Class: Astronoby::Moon

Inherits:

SolarSystemBody

• Object
• SolarSystemBody
• Astronoby::Moon

Defined in:

lib/astronoby/bodies/moon.rb

Overview

Represents the Moon. Provides phase events, apoapsis/periapsis events, and phase fraction.

Constant Summary

SEMIDIAMETER_VARIATION =

0.7275

EQUATORIAL_RADIUS =

Distance.from_meters(1_737_400)

ABSOLUTE_MAGNITUDE =

0.28

ORBITAL_PERIOD =

27.504339

Constants inherited from SolarSystemBody

SolarSystemBody::EARTH, SolarSystemBody::EARTH_MOON_BARYCENTER, SolarSystemBody::JUPITER_BARYCENTER, SolarSystemBody::MARS_BARYCENTER, SolarSystemBody::MERCURY, SolarSystemBody::MERCURY_BARYCENTER, SolarSystemBody::MOON, SolarSystemBody::NEPTUNE_BARYCENTER, SolarSystemBody::SATURN_BARYCENTER, SolarSystemBody::SOLAR_SYSTEM_BARYCENTER, SolarSystemBody::SUN, SolarSystemBody::URANUS_BARYCENTER, SolarSystemBody::VENUS, SolarSystemBody::VENUS_BARYCENTER

Instance Attribute Summary

Attributes inherited from SolarSystemBody

#ephem, #instant, #orientation

Class Method Summary

• .absolute_magnitude ⇒ Float

  Absolute magnitude.

• .apoapsis_events(ephem:, start_time:, end_time:, samples_per_period: 60) ⇒ Array<Astronoby::ExtremumEvent>

  Finds all apoapsis events between two times.

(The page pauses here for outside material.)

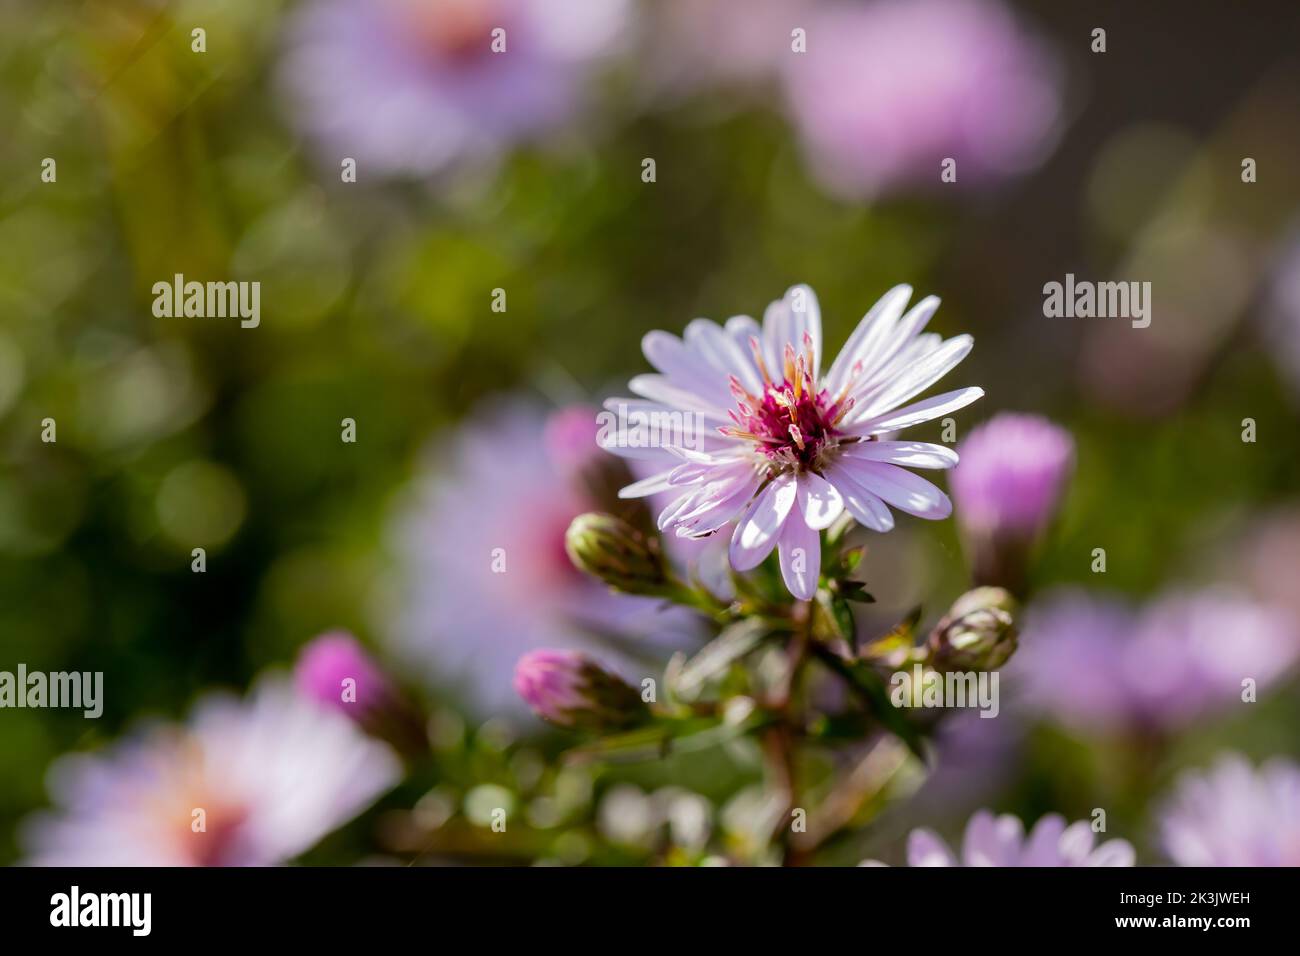 Small Aster flower closeup (Aster Small-Ness) Stock Photo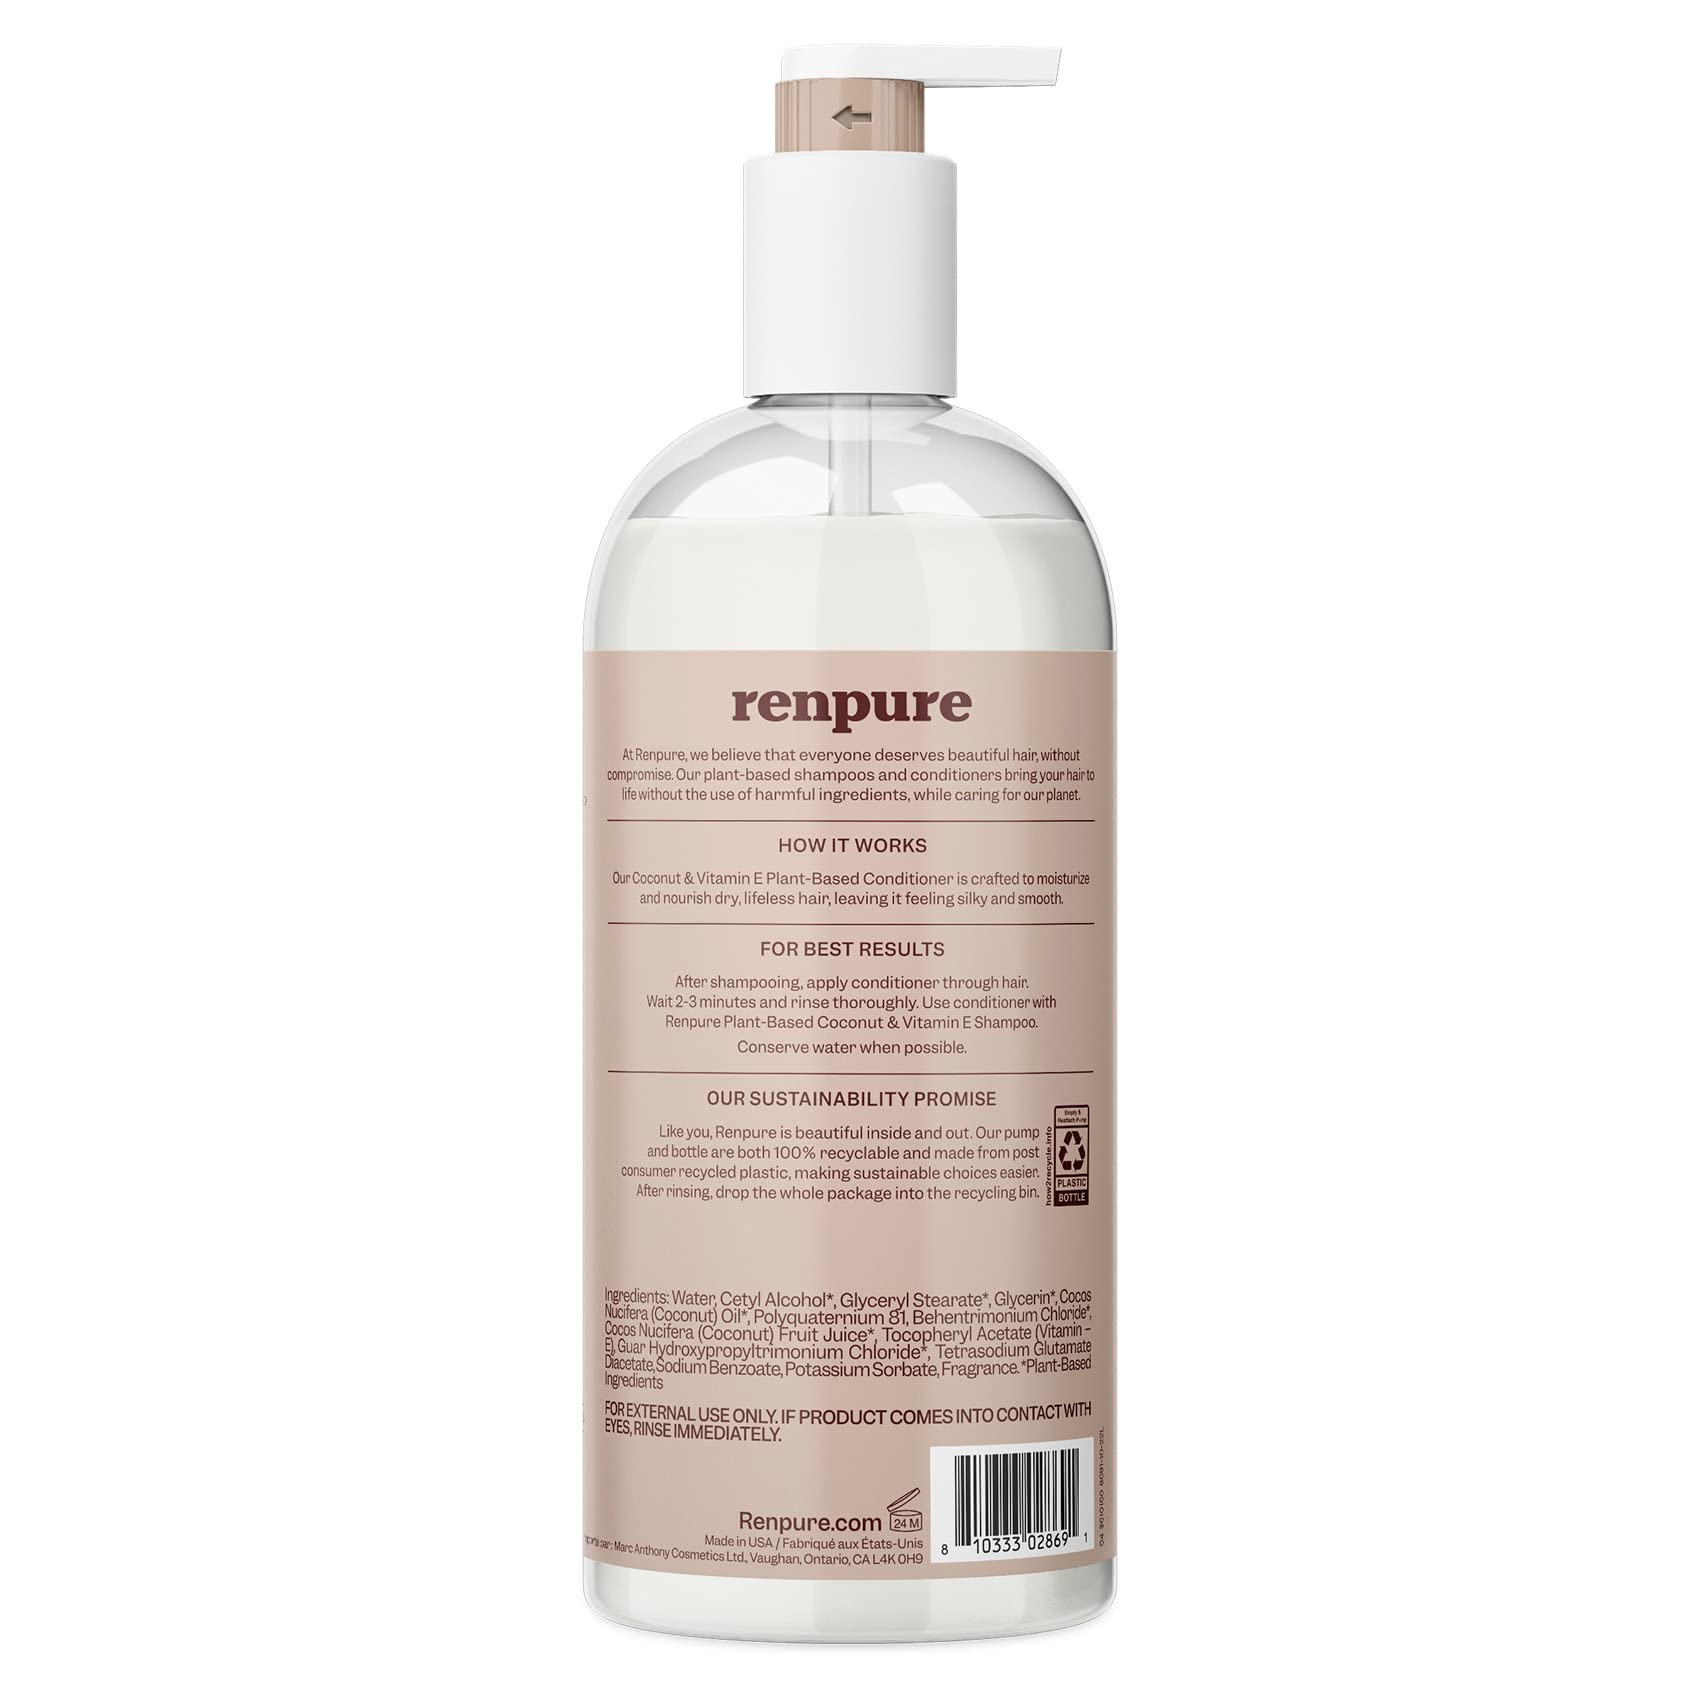 Renpure Plant Based Coconut and Vitamin E Moisturize and Replenish Conditioner - Ideal for Dry, Lifeless Hair - Leaves Hair Silky and Smooth - Paraben Free - Recyclable, Pump Bottle Design - 24 fl oz

• .eclipse_events(ephem:, start_time:, end_time:) ⇒ Array<Astronoby::LunarEclipse>

  Finds all lunar eclipses whose greatest instant falls between two times.

• .ephemeris_segments(ephem_source) ⇒ Array<Array>

  Ephemeris segment identifiers.

• .monthly_phase_events(year:, month:) ⇒ Array<Astronoby::MoonPhase>

  Moon phases for the requested year.

• .periapsis_events(ephem:, start_time:, end_time:, samples_per_period: 60) ⇒ Array<Astronoby::ExtremumEvent>

  Finds all periapsis events between two times.

Instance Method Summary

• #bright_limb_position_angle ⇒ Astronoby::Angle^?

  Position angle of the Moon’s bright limb: the position angle of the midpoint of the illuminated limb, measured eastward from the north point of the disk.

• #current_phase_fraction ⇒ Float

  Phase fraction, from 0 to 1.

• #libration ⇒ Astronoby::Libration

  Total geocentric libration of the Moon, in longitude and latitude.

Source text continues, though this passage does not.